Financial Assistance

Financial Assistance – Supporting Guidelines

In support of our mission, the Paternostro Cancer Foundation provides supplementary financial assistance to families living in Lycoming County, PA with financial needs resulting from expenses associated with their cancer treatment.

This program covers specific non-medical costs related to a cancer diagnosis. Direct medical expenses will not be covered. Financial assistance may be available to those families that meet the following criteria:

1.  The patient must be a undergoing cancer treatment as defined by doctors providing treatment to the patient. Special consideration will be given to mothers with young child/children (defined as child/children under the age of 12 at the time of diagnosis).

2.  The request for assistance must be submitted by the patient navigator at the UPMC Hillman Cancer Center in Williamsport, or by a related cancer center, on the behalf of the family.

Funding is limited and based on availability. All information is strictly confidential.

Once reviewed, the Paternostro Cancer Foundation will work directly with the UPMC Hillman Cancer Center in Williamsport, or related cancer center, to confirm or reject the request for funding.

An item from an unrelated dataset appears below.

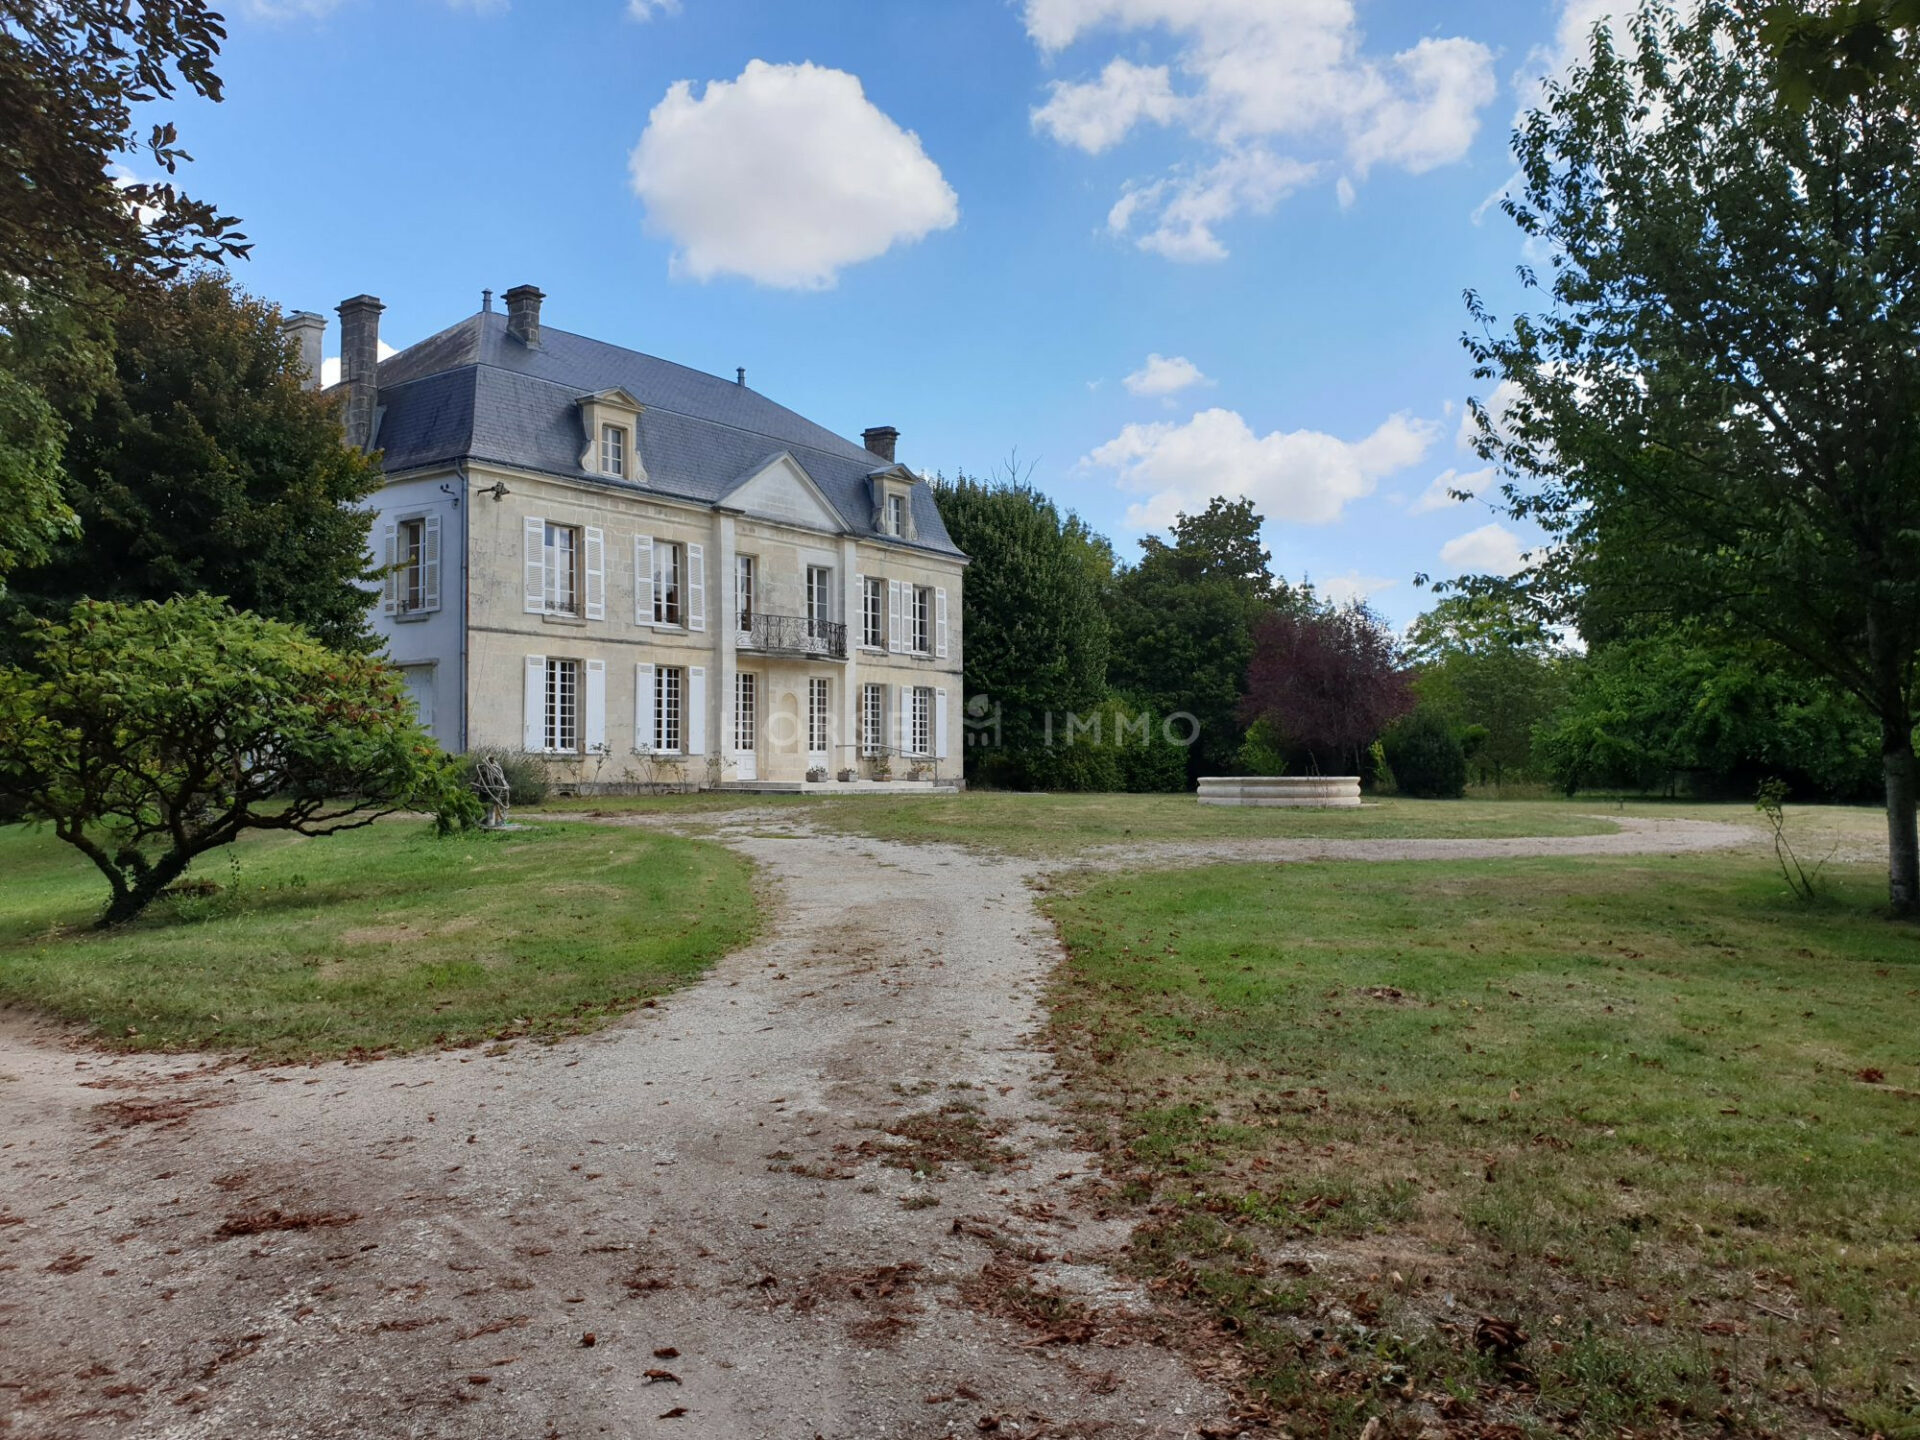 1614339527 VM1666 1 original 1920x1440 - Château et ses 2 logements sur 30ha clos de murs

Payment will be made by check to pay for the approved expense directly to the utility company providing the service. Occasionally, gas and grocery cards will be provided in lieu of a direct utility payment.

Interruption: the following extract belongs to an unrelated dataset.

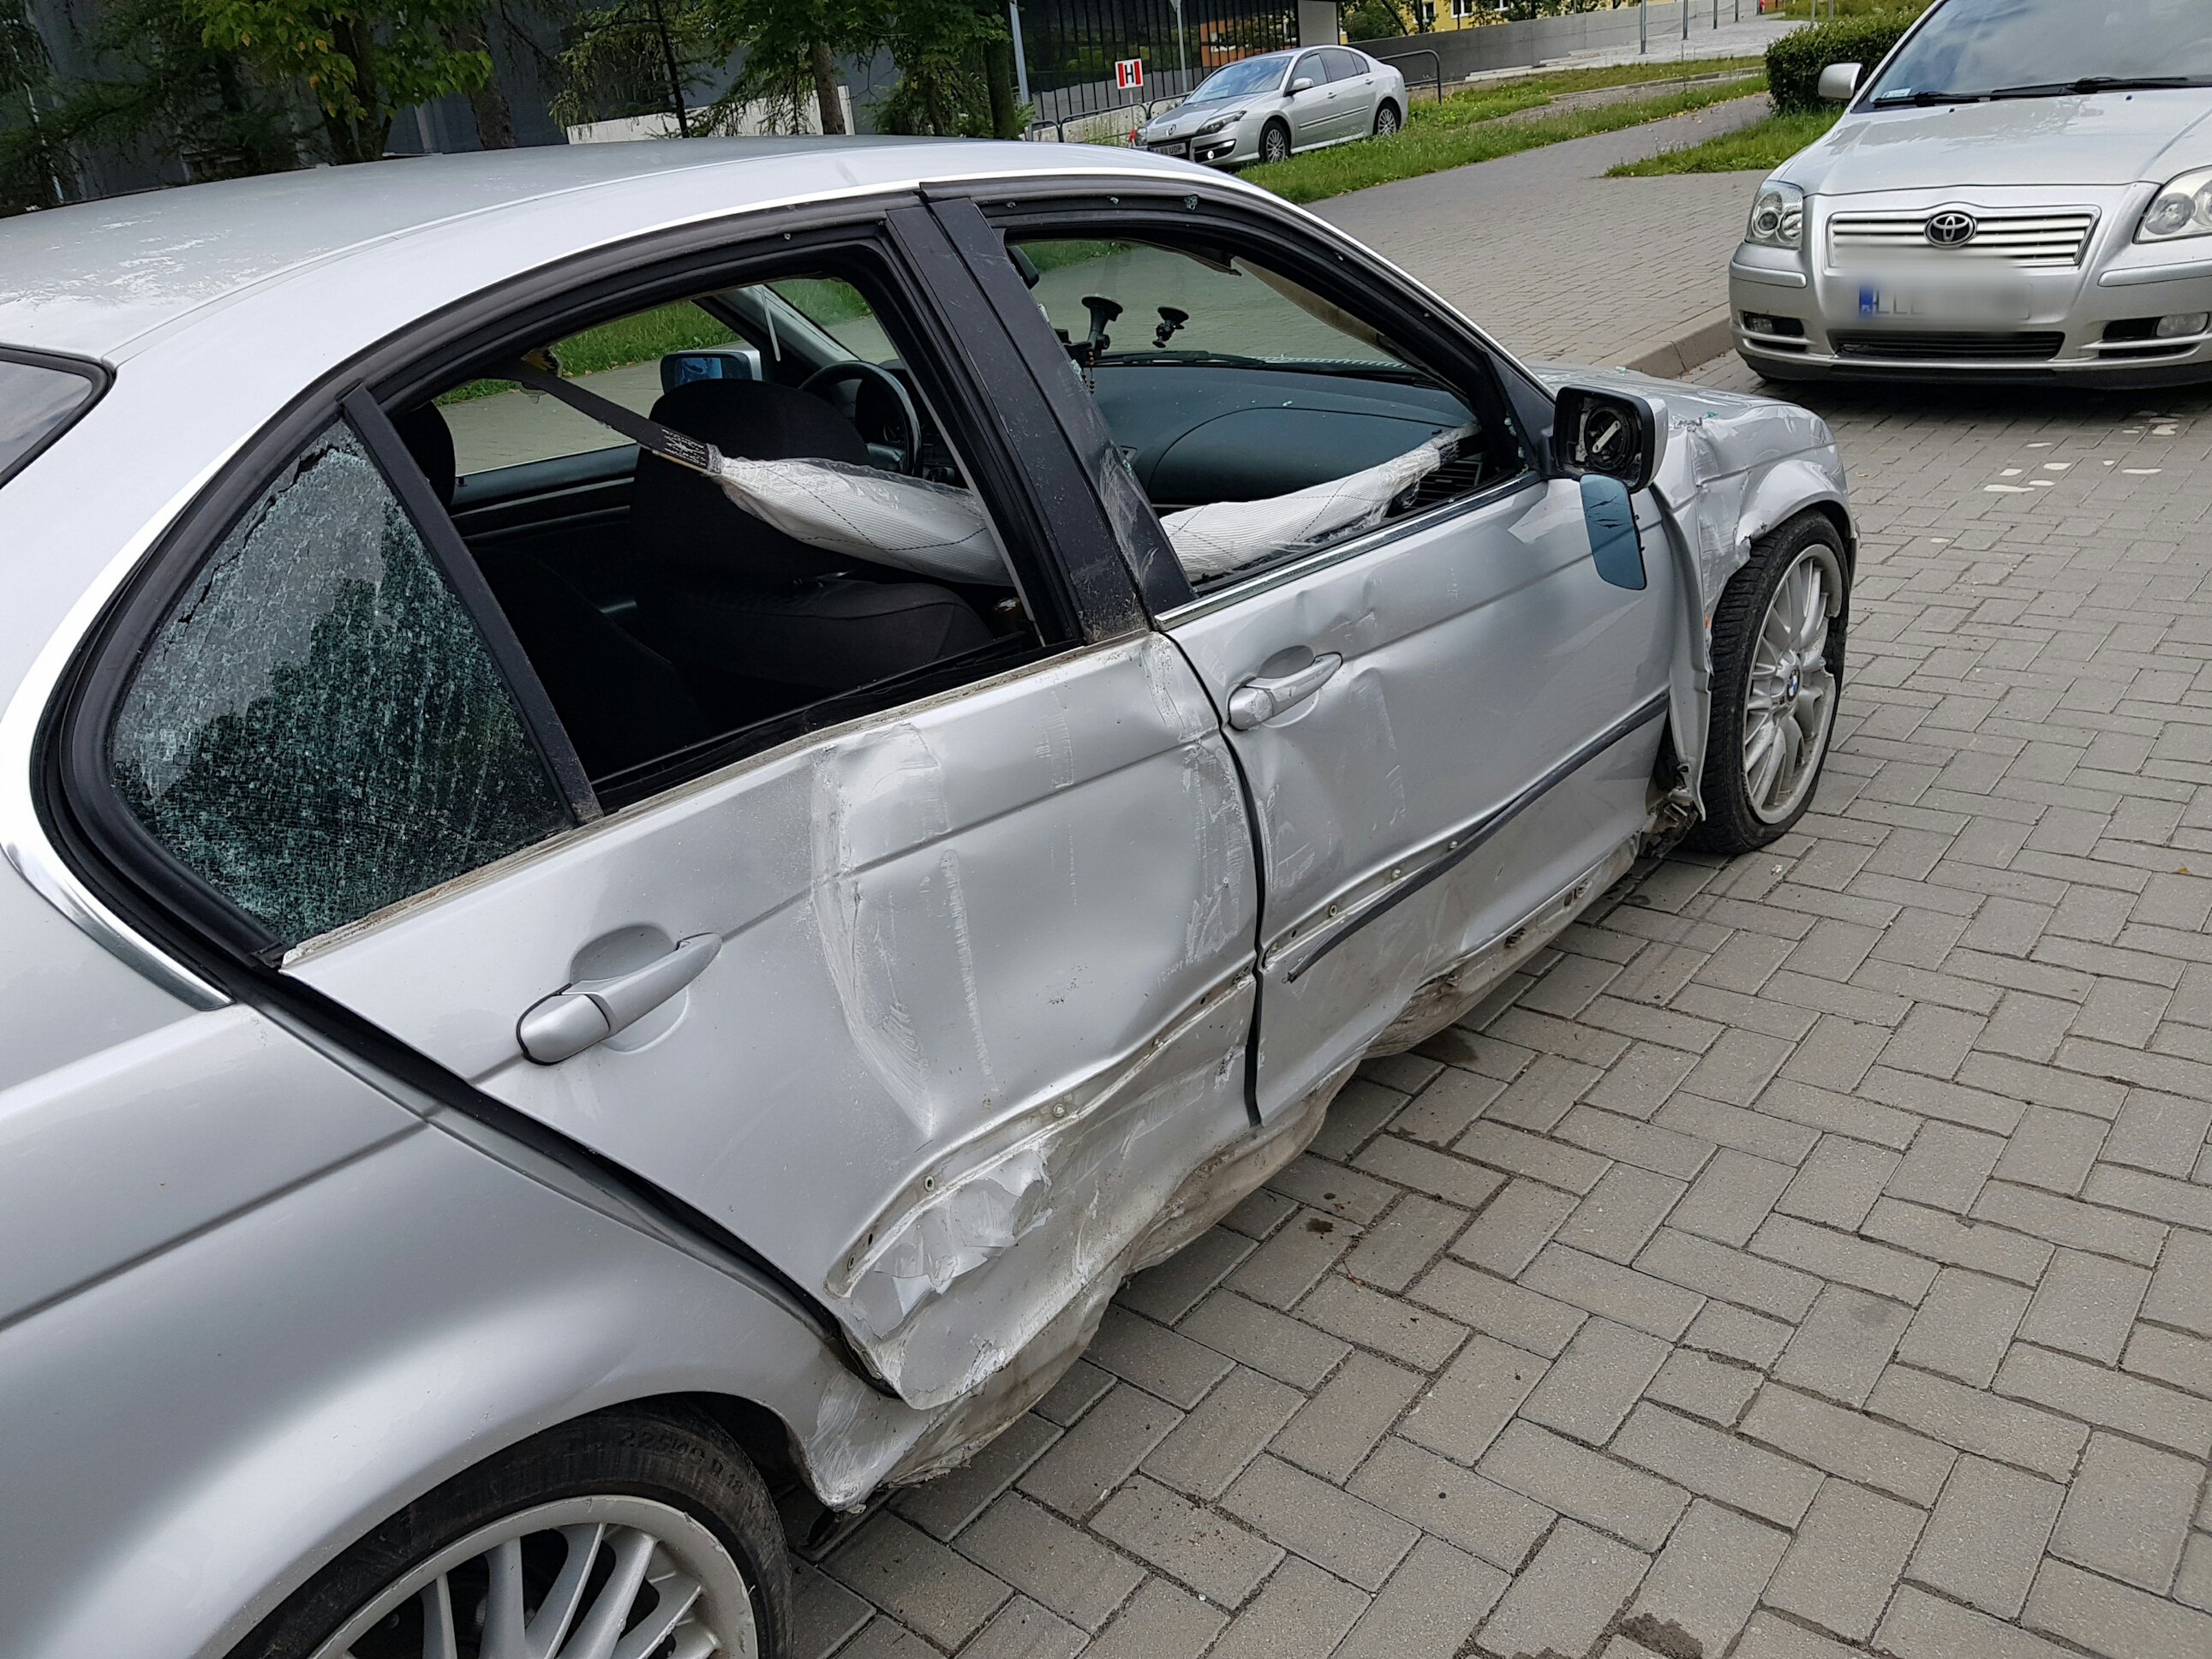 BMW staranowało barierki, kierowca porzucił auto i oddalił się (zdjęcia)

From time to time, and under exceptional circumstances, the Paternostro Cancer Foundation may receive requests for financial support which fall outside of the boundaries of our mission.  In those instances, the Paternostro Cancer Foundation Board of Directors will consider one-time requests for financial assistance.  These one-time requests may only be granted with a unanimous vote of the Board.

Please work with your hospital patient navigator to complete and return the financial assistance request form.